On a sans doute pas tout dit, mais on a déjà dit beaucoup sur la Sonate à Kreutzer de Lorenzo Gatto et Julien Libeer… Après avoir fait fureur au disque voilà tout juste un an, la voilà qui s’invite à l’auditorium du musée Dapper dans un programme mêlant Mozart, Bach et Beethoven : deuxième fois ce mois-ci que la Belgique triomphe à Paris.
Une œuvre telle que la Sonate pour piano et violon de Mozart (en sol majeur, K 301) pose le problème de la spontanéité dans toutes ses dimensions avec, d’un côté, les interprétations qui usent et abusent de l’artifice comme pratique essentielle (taquineries de phrasé, exagération du trait) et de l’autre, celles qui fétichisent l’innocence et la pureté contre ce même artifice. Par chance, Julien Libeer ne tombe dans aucun de ces pièges, ses lectures sont une formidable démonstration de ce qu’est la spontanéité musicale : il est tout sauf un pianiste qui « s'écoute jouer ». Chez lui, la musique est exposée sans guillemets, dans une simplicité qui n’exclut pourtant pas la richesse d’invention. La différence, c’est qu’au lieu d’être mises en exergue, les idées musicales sont intégrées au discours, sans intention didactique. Rappelons à cet effet que Maria João Pires a été l’un de ses maîtres, lui inoculant ce toucher fluide, ce jeu sans flagrance qui fait de lui un chambriste hors pair.

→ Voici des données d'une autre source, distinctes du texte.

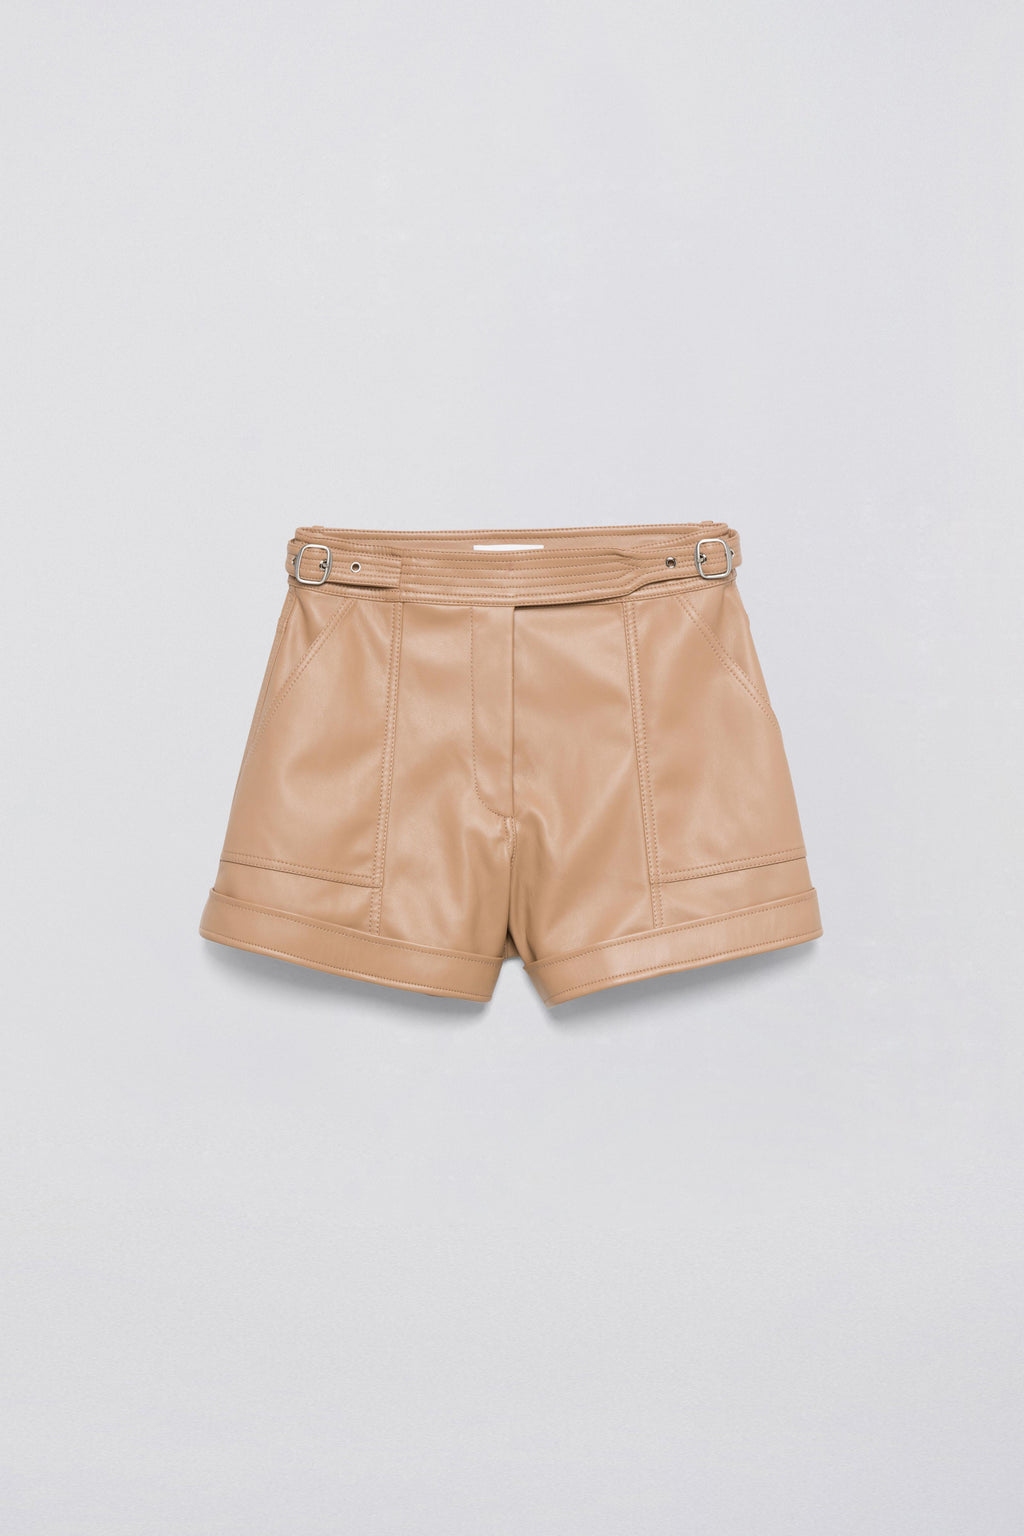 Chace Shorts

Aucune introduction n’est si tendue, si physique que le presto qui suit les premiers accords de la Sonate à Kreutzer. Dès les premières secondes, on est fasciné par ces audaces si éloquentes, pratiquées dans la continuité du chant. Montrant à nu les mécanismes de la conduite beethovénienne, Julien Libeer feint par moment de s’enliser dans le son pour mieux s’en extirper, tandis que des mouvements de convection donnent vie aux grands flux de doubles-croches. Parfois, il se glisse sous l’attaque du violon, surgissant par en-dessous, avant d’ouvrir les écluses… et toute cette eau sonore de s’engouffrer et disparaître dans une embrasure. Avouons-le, des effets pareils, on n’en entend pas tous les jours. Ce basculement des préséances, pourquoi serait-il interdit de l’opérer sur Beethoven ? D’autant qu’on a mieux que la surprise : le frisson, le choc physique.